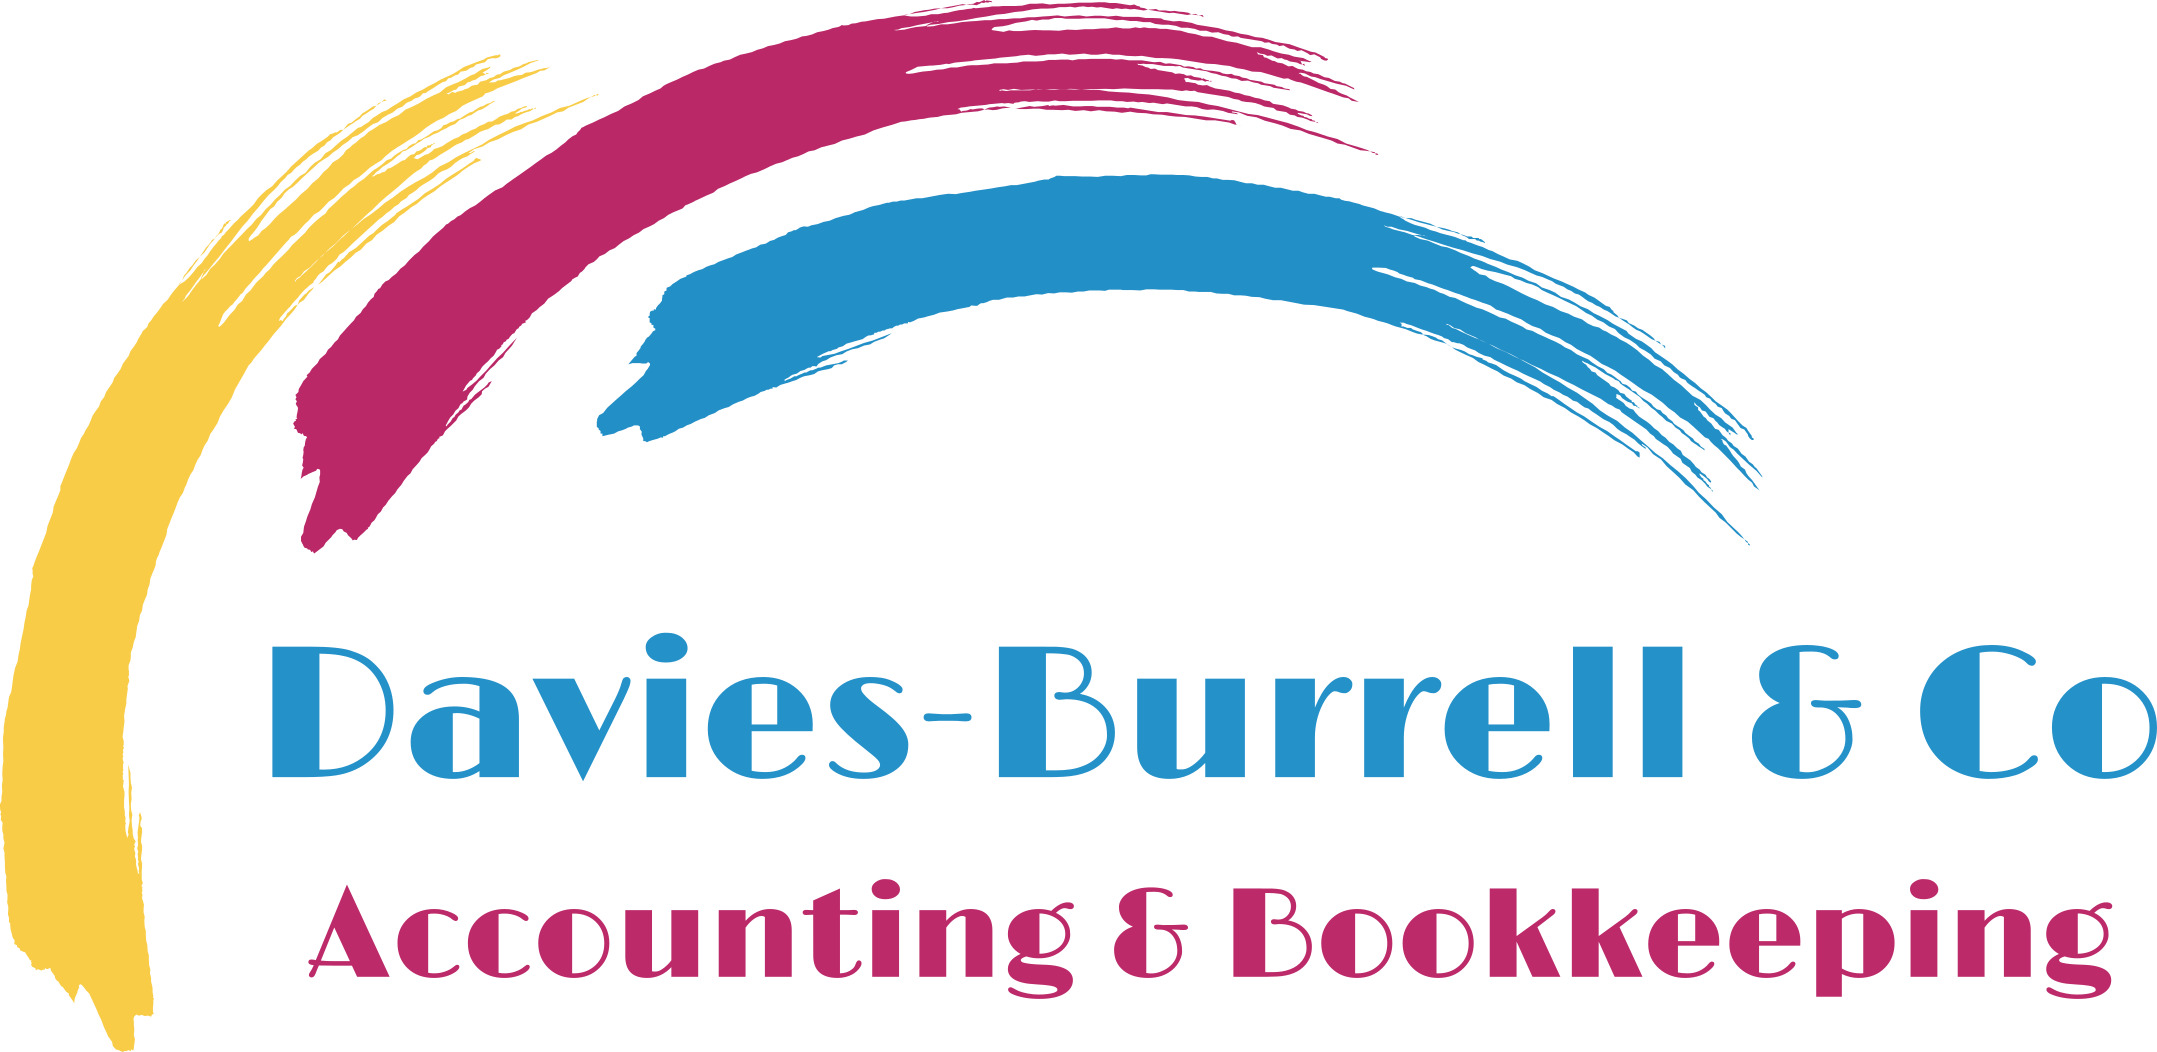 Davies Burrel & Co Accounting and Bookkeeping logo
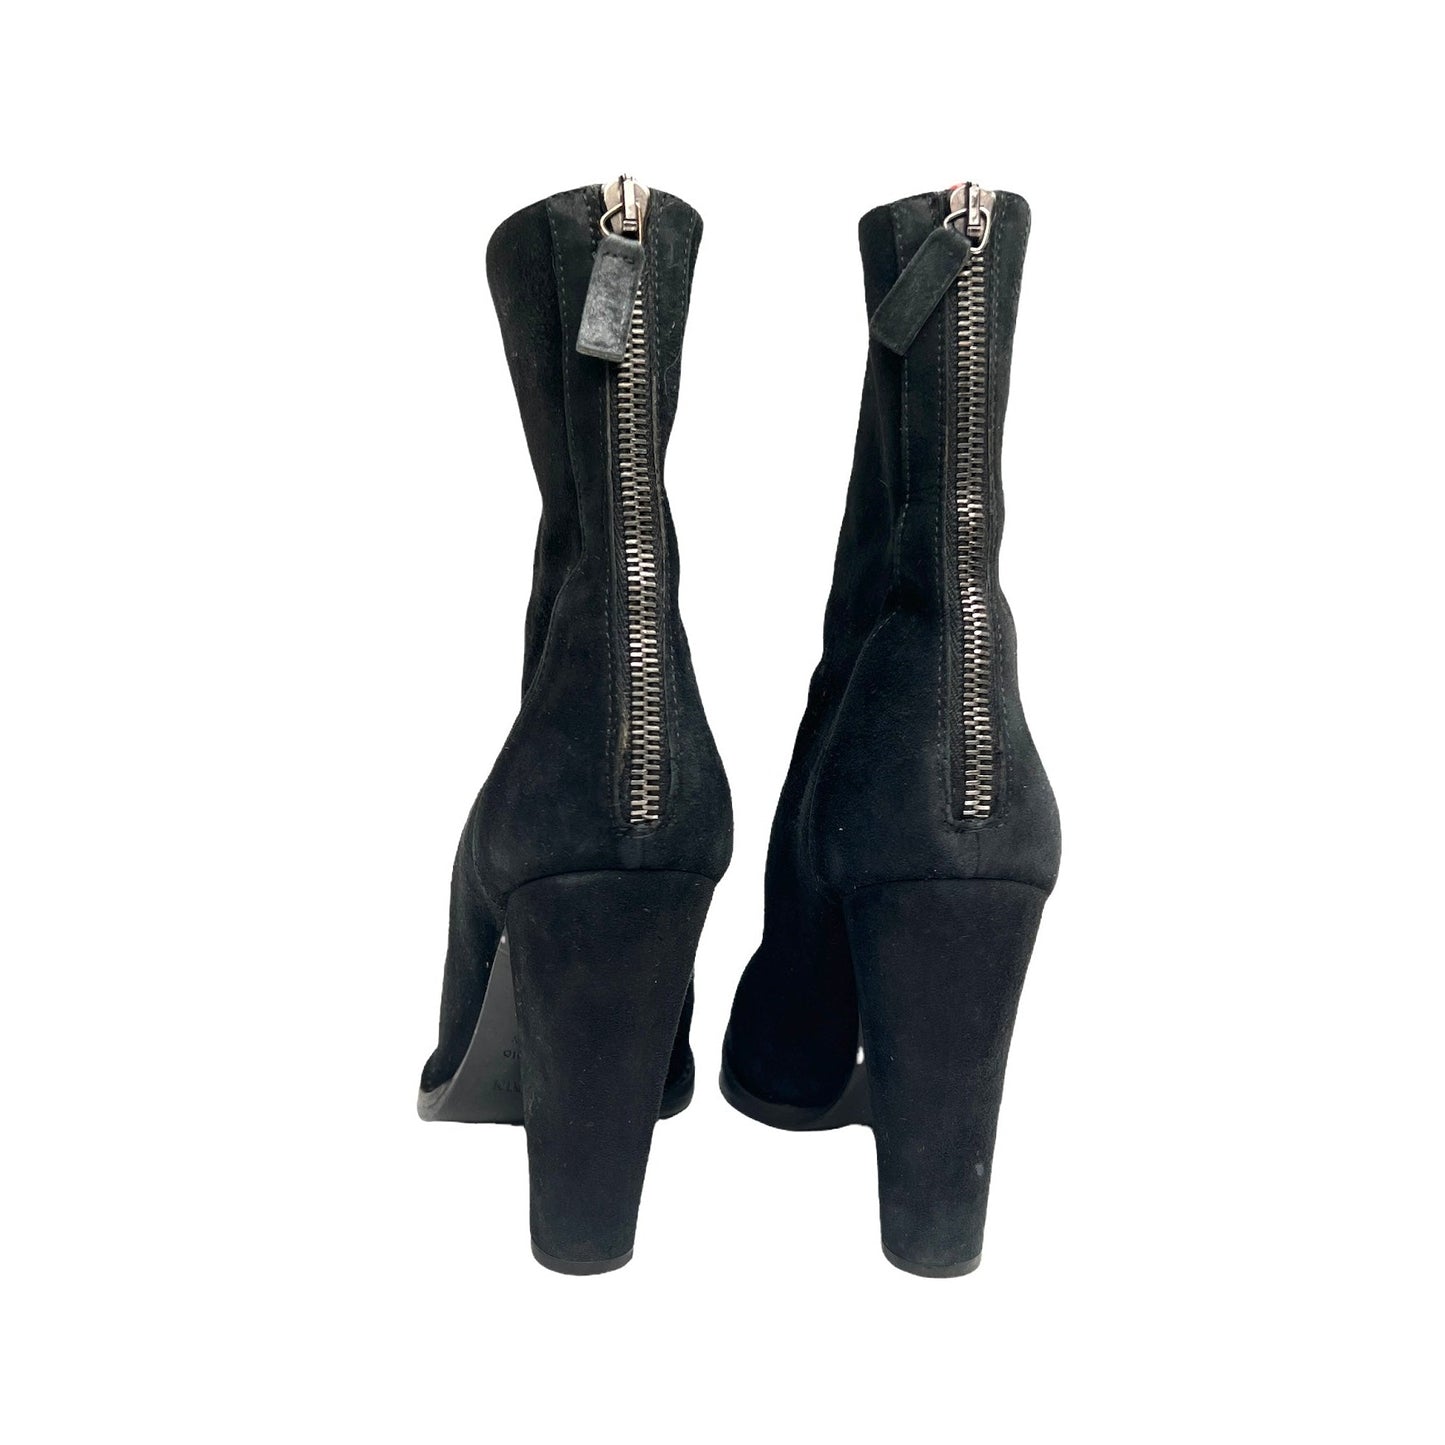 Black Suede Heeled Boots - 6.5
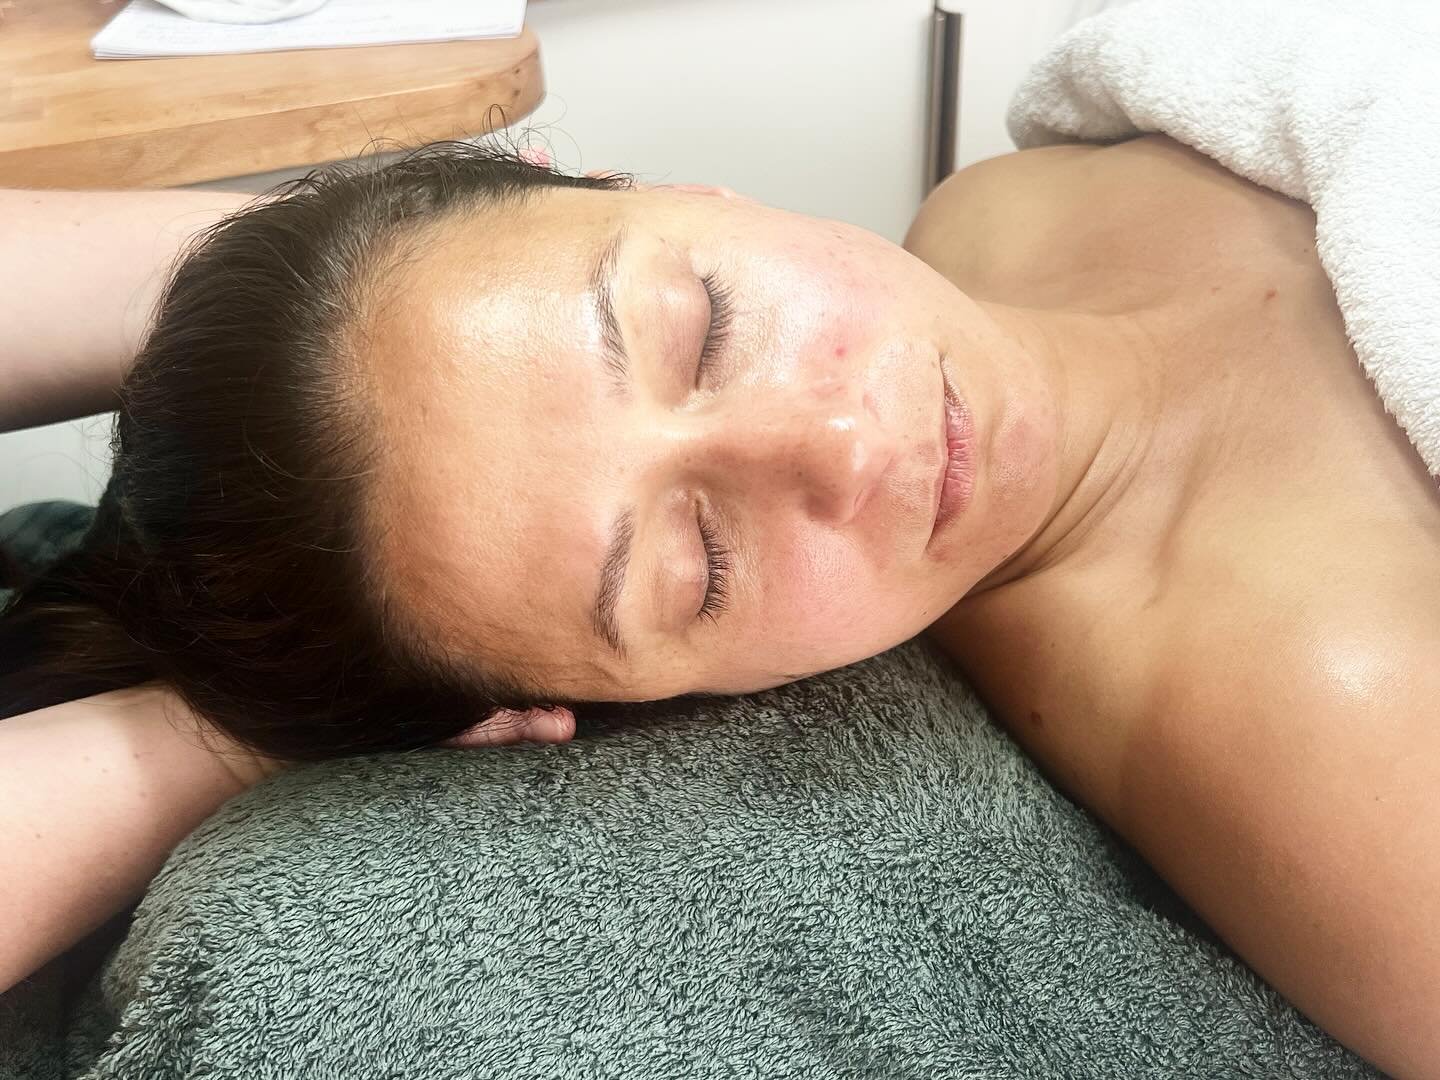 Who wants to feel this relaxed? 

Having a facial is not just rejuvenating to the face, but it is also restorative for the mind. Regular facials give you the time to focus on your breathing, regain your confidence in having healthy beautiful skin, an

================

> Task requirements: Your copy of the data above should match it exactly, apart from the images.

> Answer box:
 Davies Burrel & Co Accounting and Bookkeeping logo
 Black Suede Heeled Boots - 6.5
 Who wants to feel this relaxed? 

Having a facial is not just rejuvenating to the face, but it is also restorative for the mind. Regular facials give you the time to focus on your breathing, regain your confidence in having healthy beautiful skin, an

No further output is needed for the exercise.